Friday, October 16, 2009

Steele at Bliss: the old-new-old GOP

THERE WAS something surreal about Michael Steele's visit to Akron Thursday night. Speaking in E. J. Thomas hall as a guest of the University of Akron and Bliss Institute, the Republican National Committee chairman briefly acknowledged Akron native Ray Bliss's leadership in rebuilding the party after its 1964 Goldwater disaster. Still, even with the passage of more than four decades, and with the ghost of Ray Bliss hovering over the event, it was easy enough to sense that Steele had arrived not to praise the past but to slay the image of a GOP that sloughs off the common folks to enrich the wealthy.

Against heavy odds (Walter Lippmann said it would be at least a 25 years before the party could think about returning to power after 1964), Bliss immediately, and without much public notice, set about to reassembling the GOP's broken parts into a cohesive whole. A taciturn fellow who was never inclined to hog the scene, Bliss was fastidiously self disciplined to the point of shyness., At the party dinners, never a fork nor spoon on the head table was permitted to be out of place.

On the other hand , standing on the stage as the latest successor of the Republican Party's most successful strategist, Steele offered his courteously attentive audience (mostly Republican, it appeared) little more than what we've been hearing from Republicans since the election. The party , he insisted, favors lower taxes, entrepreneurism,the true spirit of free enterprise, unquestioned wealth for the people at the top of the pyramid, and individual responsibility. As with the late Gov. Jim Rhodes, profit should never be a dirty word, he said, although I don't know many people, including me, who think it is.

For Steele, the rebuilding process could be even more difficiult as it was for Bliss as he speaks with concern for rabid groups, reminding us that they are frustrated because nobody is listening to their problems. When he does that, with the shorthand of political jabs that raises the specter of Big Brother and tax-guzzling Democrats, it is not a fresh approach to their problems but rather no approach at all. To make his case, he asked the audience if there was anybody who didn't like a little more money in his pocket. When nobody raised a hand, he considered it a vindication of his anti-tax defense. (These guys never ask whether anyone preferred to ride on dirt roads, cross rickety bridges, have nobody answer the emergency phone at the fire department or have the Pony Express deliver the mail only one day a week - services which, the last time I looked , are only possible through taxes.
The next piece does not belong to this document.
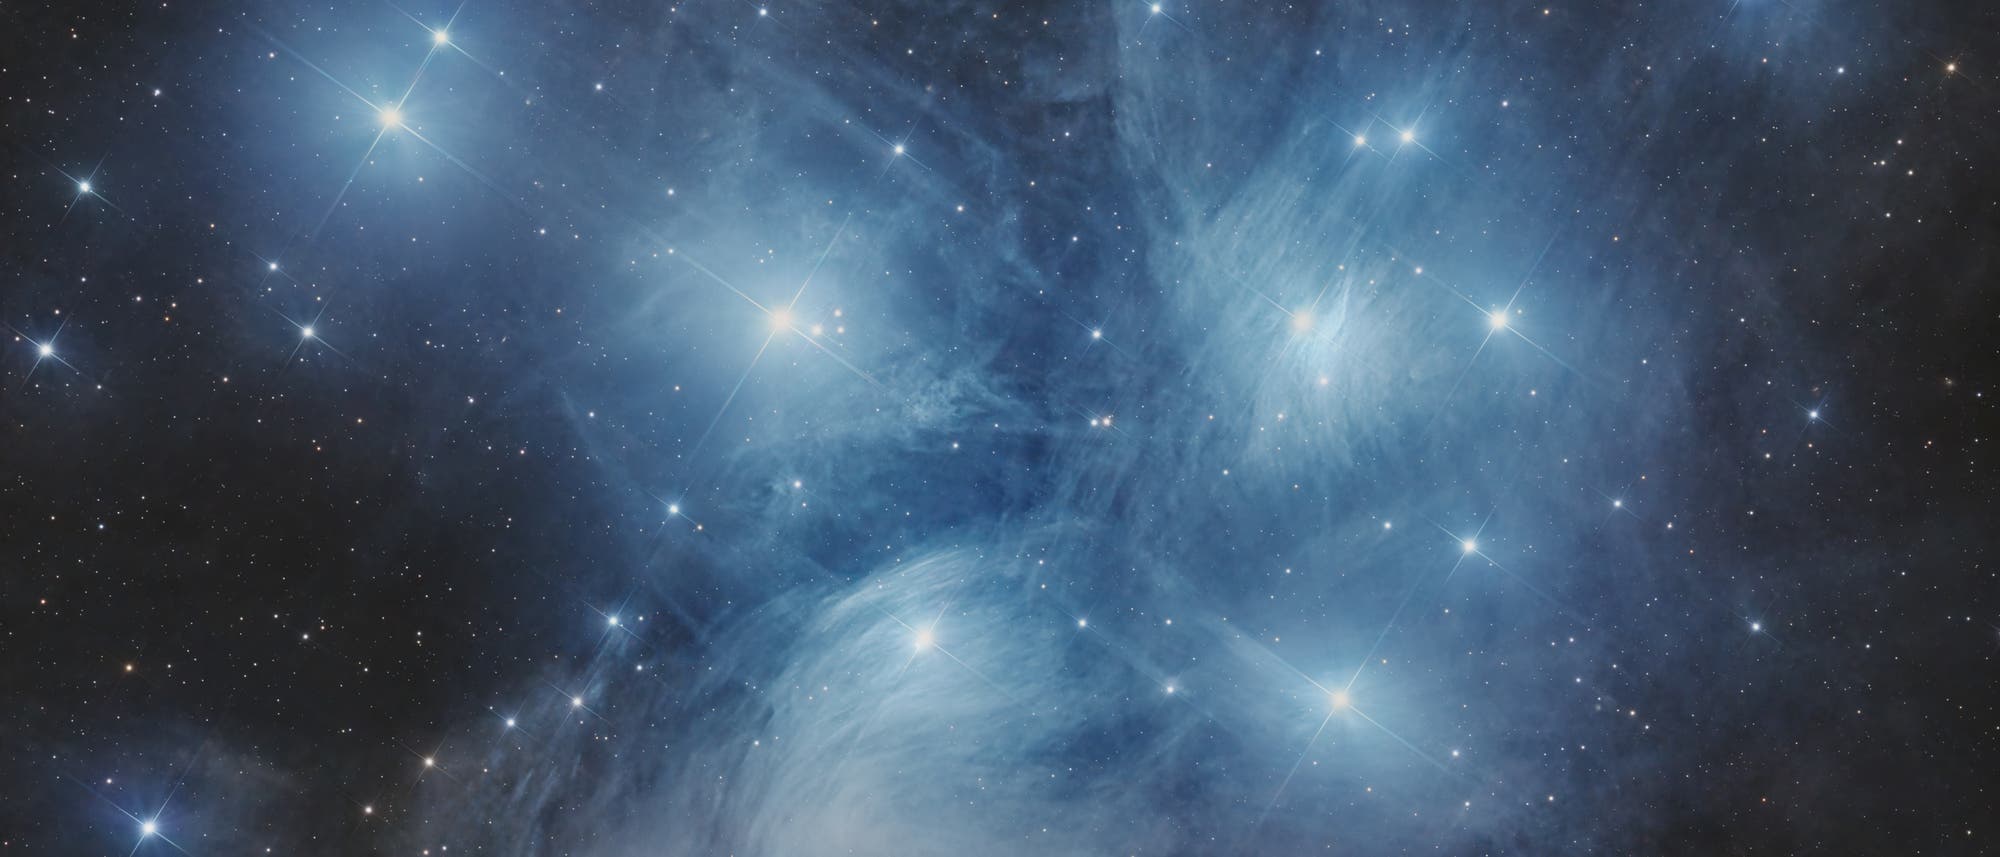 Die Plejaden  - Messier 45

He also fussed over the Obama Administration' s "rush" to pass health care reform, declaring that the President wants to accomplish it in 30 to 45 days - which , we all know, has been knocked about for nearly a year - and much longer for the Republican pols who had many opportunities to change things for the better when they occupied the White House and Congress.

Steele referred to his own meager childhood, which, with help from his mother, enabled him to become a successful African-American. He urged the audience, whites as well as the handful of blacks, to take control of their own lives for a brighter future.

When a woman asked him how a poor family with no job and no health insurance could pay for health coverage, Steele assured her that his party is working on a solution to the problem . These are always good cover lines to get to the next question. But can anyone deny that the party is no more progressive with an African-American at the RNC in order to show that the party has expanded its base? Sitting in the front row was Bob Bennett, the former chairman of the Ohio Republican Party. It must have been 25 years ago that he boasted to me, in a mild act of contrition, how the party was going to expand its base. Seeing Steele, I had to ask, This is finally how they did it?

Whatever is happening within the party's back rooms to reach out to a more diverse electorate is still puzzling to me. It's too bad that Einstein didn't solve the mystery of "hidden variables" in his research. It might tell us what Steele & Co. all means.


4 comments:

Anonymous said...

The Republicans want to get past the health care debate. They have successfully killed it every time it has been brought to the forefront. They kill it now and it won't come back to the agenda for another 10-15 year cycle.

Anonymous said...

Also, while Ray Bliss may be a favorite of local Republican leadership, it was Rogers Morton who did the actual work of rebuilding the national party. Bliss merely oversaw the fall of the party during the Barry Goldwater conservative purity movement.

Grumpy Abe said...

Sorry, but I think there is very little evidence that Bliss "merely oversaw the fall of the party..." He didn't become chairman until 1965, the year after the Goldwater movement failed to produce a winner and left the party in tatters. Most political historians, might agree with a scholarly paper delivered in 2008 by Prof. Brian Conley of Suffolk University, Boston, that said, in part:

"At the time of his appointment, Bliss inherited a defeated and bitterly divided party. Despite this Bliss was able to swiftly reorganize the party his first year in office, concluding with a surprizing Republican revival in the 1966 mid-term elections. "

chien lunatique said...

Hey, Anonyass,
Unless you have a crystal ball or foresight you do not know how the health care debate will end. Your claim that it has been killed is as asinine as you are. 2009 is not 1992. There is no comparison even if you wish it were so. Who will rid us of these meddlesome wingnuts? They contribute nothing and are the bane of our Republic.